Chris Foye, who lost his son Chris after he was killed in Harlem by a stray bullet in 2009, stood near Bloomberg holding a T-shirt with a picture of his son on the front. Near them stood Lori Haas, whose daughter was shot and injured during the 2007 shootings at Virginia Tech, and Nardyne Jeffries, whose daughter Brishell was killed after attending a funeral of a gun violence victim.
Pam Simon, 65, a community outreach organizer for Rep. Gabrielle Giffords, was shot last year when a gunman opened fire into a crowd at an event.
"We need to reach out to our members of Congress and say we've had it—enough of partisan politics," said Simon after the press conference.
"One of the things people often forget is the long-term effect it has on people; your physical and your emotional energy." said Simon. "So this is not being shot and recovering, or losing somebody and recovering. There really is no recovering."
Simon's friend Roxanna Green, 47, lost her daughter to gun violence.
They both traveled to Washington, D.C., recently and met with staff from several legislators' offices.
"We were met with a very mixed reaction," said Simon. "In many cases they're very supportive, but feel that they're politically locked."
There are many gun shows in Tucson and people can purchase them there without undergoing a background check, said Simon, one of the loopholes the mayor's coalition wants changed.
Campaigning for Regulations
Bloomberg, who is known for spending $600 million of his own money toward anti-smoking initiatives, reiterated on Monday that he couldn't name an exact figure of what he would spend to counter the National Rifle Association, a pro-gun rights organization.

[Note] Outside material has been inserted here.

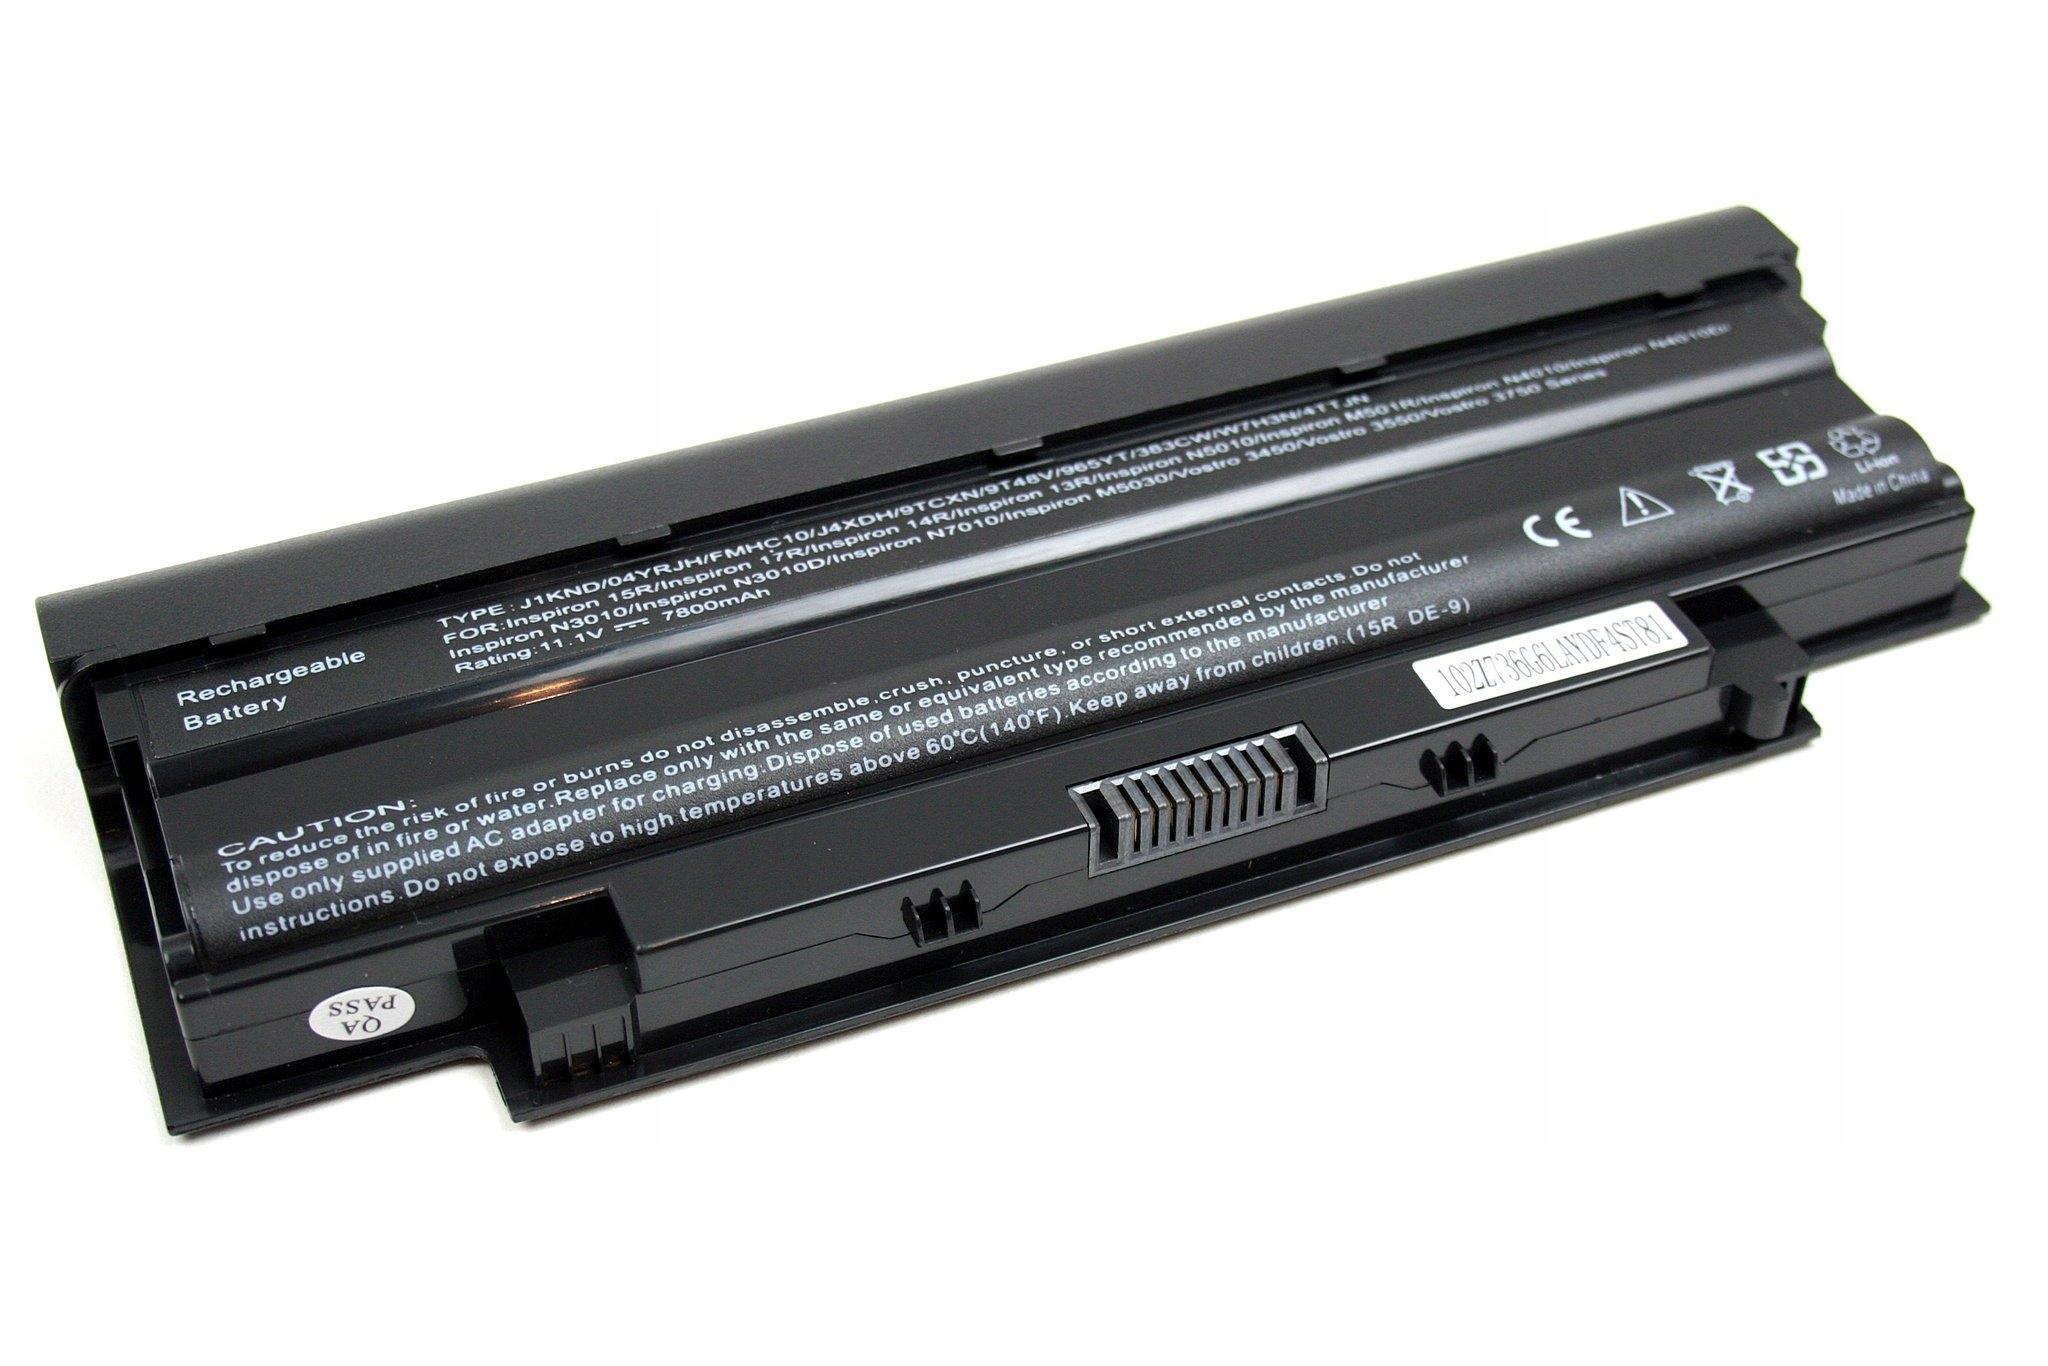 BATERIA AKUMULATOR DELL N5010 N5030 N5050 N5110 3550 J1KND - Baterie do laptopów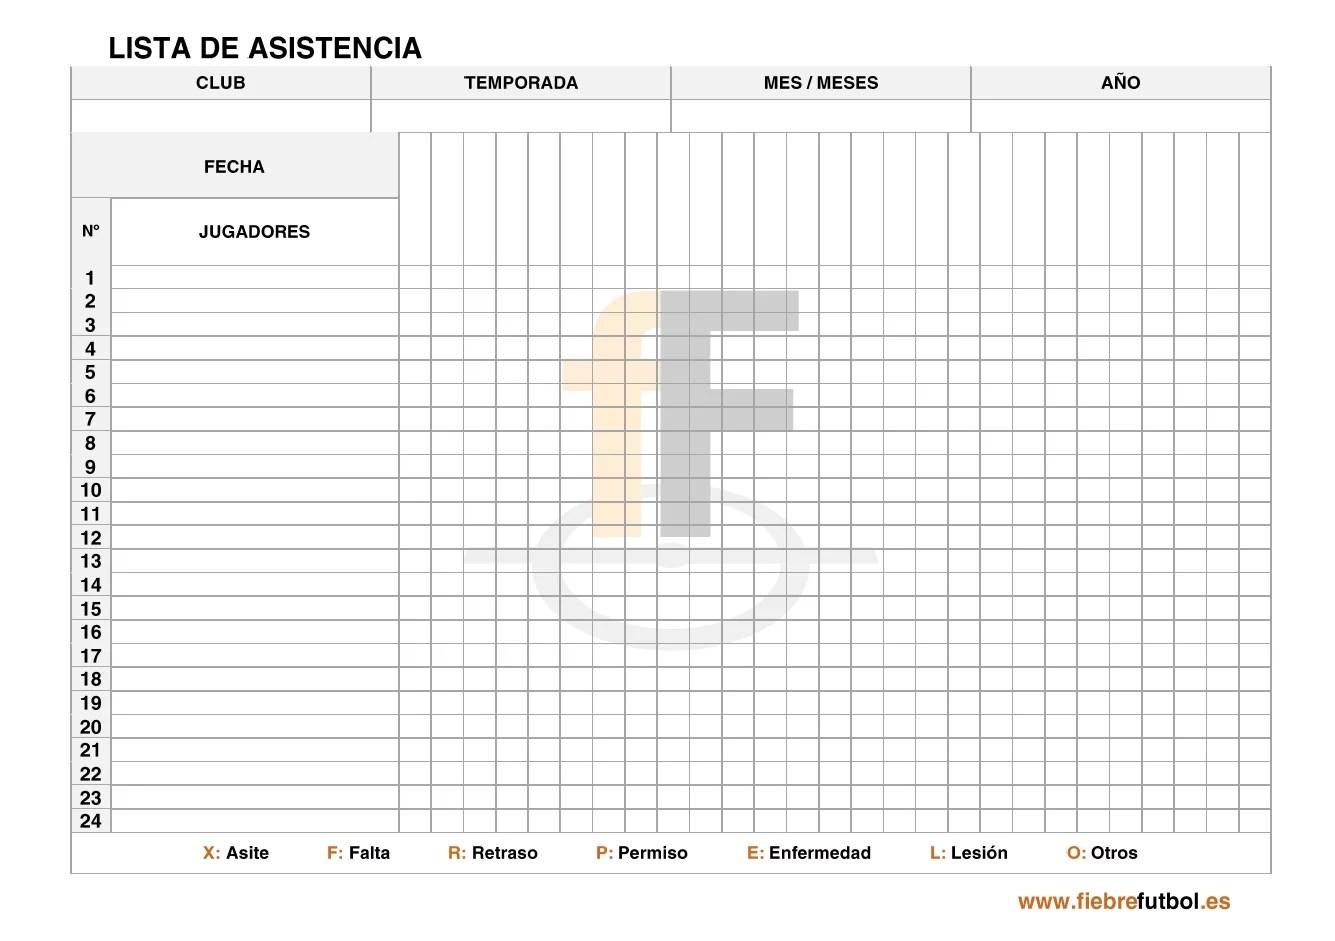 Lista Asistencia 01 FiebreFtbol

"When I care about something, I care about something," he said on NBC's "Meet the Press."
"I have no idea [how much I am going to spend], but I'm going to do what I think is appropriate and impact the dialogue," he said. Bloomberg endorsed President Barack Obama in part because of his perception of where Obama stood on gun control.
Asked whether mental health and education should be addressed instead of just focusing on gun control, Bloomberg said yes.
"But those are just ways to avoid the basic issue—it is guns on the streets in the hands of people who federal law says shouldn't have them that is killing our people," he said. "Long-term solutions are nice, they are necessary, and we shouldn't walk away from them, but we have to protect each other today."
Mental Health America said guns and gun violence are major public health problems. "We need to desperately enact sound public policy that seriously addresses gun control and limits the number of available firearms in this country."
President Obama in his address in Newtown on Sunday said things need to change. But more than laws need to change, Obama said.
"No single law—no set of laws—can eliminate evil from the world, or prevent every senseless act of violence in our society," he said, according to a transcript. "But that can't be an excuse for inaction."
"In the coming weeks, I will use whatever power this office holds to engage my fellow citizens—from law enforcement to mental health professionals to parents and educators—in an effort aimed at preventing more tragedies like this," the president said. "Because what choice do we have? We can't accept events like this as routine."